Nicole teaches Bioethics at Case Western Reserve University and works in the Center for Biomedical Ethics at MetroHealth Medical Center in Cleveland, Ohio. She has conducted research on motivating integrity in research, determining how physicians discuss issues of uncertainty, and understanding the needs of health care providers, caregivers, and patients with Multiple Sclerosis.
Currently, Nicole is conducting interviews to better understand the living organ donor experience to identify good practices and areas in need of improvement. This is the first step in the journey to understand and address the needs of living donors. Her research interests include the informed consent process, patient/physician communication, professionalism, research regulations and living donor organ transplants.
Rebecca Hays is a transplant social worker at University of Wisconsin Hospital and Clinics. In this role, she helps people sort and sift questions regarding living donation, transplant, and quality of life. She also facilitates a living donor mentor program, in which people thinking about kidney donation can learn more about the experience from past living donors.

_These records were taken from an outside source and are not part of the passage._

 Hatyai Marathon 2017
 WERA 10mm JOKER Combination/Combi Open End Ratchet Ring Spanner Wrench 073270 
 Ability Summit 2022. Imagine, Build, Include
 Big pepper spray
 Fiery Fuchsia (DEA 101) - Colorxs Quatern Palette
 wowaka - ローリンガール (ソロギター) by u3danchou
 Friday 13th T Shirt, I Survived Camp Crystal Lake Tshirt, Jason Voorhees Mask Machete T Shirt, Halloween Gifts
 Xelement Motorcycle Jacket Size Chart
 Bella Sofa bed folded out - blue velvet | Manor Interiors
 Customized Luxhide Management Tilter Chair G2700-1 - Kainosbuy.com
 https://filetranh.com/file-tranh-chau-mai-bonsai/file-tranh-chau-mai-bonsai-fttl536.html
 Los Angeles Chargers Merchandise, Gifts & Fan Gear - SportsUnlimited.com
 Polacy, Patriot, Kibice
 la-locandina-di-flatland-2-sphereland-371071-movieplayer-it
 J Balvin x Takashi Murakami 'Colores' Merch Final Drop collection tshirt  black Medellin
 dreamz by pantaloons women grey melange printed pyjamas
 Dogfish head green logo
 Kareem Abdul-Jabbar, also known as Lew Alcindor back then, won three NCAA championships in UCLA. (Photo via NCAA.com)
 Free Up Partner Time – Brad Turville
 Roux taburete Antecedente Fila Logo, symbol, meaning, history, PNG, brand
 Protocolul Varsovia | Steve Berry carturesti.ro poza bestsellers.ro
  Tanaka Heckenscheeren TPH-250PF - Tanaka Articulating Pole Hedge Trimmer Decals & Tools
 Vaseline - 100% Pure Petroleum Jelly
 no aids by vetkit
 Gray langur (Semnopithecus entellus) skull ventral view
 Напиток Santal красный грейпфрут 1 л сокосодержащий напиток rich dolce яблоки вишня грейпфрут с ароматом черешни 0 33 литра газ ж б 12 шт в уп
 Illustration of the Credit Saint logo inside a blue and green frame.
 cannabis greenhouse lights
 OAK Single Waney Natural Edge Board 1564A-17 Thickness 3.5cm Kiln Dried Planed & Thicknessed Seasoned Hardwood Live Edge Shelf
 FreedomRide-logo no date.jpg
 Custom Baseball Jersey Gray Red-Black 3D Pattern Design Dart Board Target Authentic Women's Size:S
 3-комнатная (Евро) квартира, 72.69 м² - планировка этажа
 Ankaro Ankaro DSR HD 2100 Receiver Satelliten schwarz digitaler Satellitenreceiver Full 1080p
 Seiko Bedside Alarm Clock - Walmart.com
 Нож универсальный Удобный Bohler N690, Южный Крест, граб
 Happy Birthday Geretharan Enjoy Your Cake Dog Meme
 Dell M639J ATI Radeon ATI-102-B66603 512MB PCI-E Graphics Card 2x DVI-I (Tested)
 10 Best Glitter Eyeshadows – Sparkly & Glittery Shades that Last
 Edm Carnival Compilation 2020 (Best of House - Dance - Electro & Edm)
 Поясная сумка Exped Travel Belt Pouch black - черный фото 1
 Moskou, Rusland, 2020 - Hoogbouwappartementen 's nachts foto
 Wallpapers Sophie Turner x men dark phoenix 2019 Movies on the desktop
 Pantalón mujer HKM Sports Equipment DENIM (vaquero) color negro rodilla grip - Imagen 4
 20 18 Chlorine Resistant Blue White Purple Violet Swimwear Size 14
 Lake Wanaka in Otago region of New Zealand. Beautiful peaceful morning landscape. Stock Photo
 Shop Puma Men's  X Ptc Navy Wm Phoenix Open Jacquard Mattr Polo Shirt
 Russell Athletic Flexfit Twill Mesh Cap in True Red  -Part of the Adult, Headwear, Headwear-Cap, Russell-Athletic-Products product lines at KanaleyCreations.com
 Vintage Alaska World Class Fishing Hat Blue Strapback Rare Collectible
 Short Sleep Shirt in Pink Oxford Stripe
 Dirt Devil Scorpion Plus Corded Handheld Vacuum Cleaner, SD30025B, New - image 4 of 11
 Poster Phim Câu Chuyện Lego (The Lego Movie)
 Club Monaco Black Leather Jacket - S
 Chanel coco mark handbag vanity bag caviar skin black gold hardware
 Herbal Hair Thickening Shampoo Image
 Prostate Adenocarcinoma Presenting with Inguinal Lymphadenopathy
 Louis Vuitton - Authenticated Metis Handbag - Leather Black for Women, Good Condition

Over the years, Rebecca has helped build education for donors and tools for recipients to learn about donation and gain comfort broaching the topic. She has participated in several national consensus conferences to build standards of care for living donors and people with kidney disease. She is currently on the NKF Continuing Medical Education committee and is NKF social work professional education programming chair. In the past, she served as an editor of NKF's Transplant Chronicles newsletter. She has also helped advocate for legislation to offer protections and improved benefits for donors and transplant recipients.
Rebecca has been a kidney social worker since 1999. She trained at University of California at Berkeley and at Johns Hopkins University. She lives in Madison, WI with her family.
Rebecca wants to increase support and quality of information for donors, create best practice recommendations, and reduce financial disincentives. She wants to share her knowledge about psychosocial barriers/outcomes, building mentor programs, and in teaching psychoeducation strategies.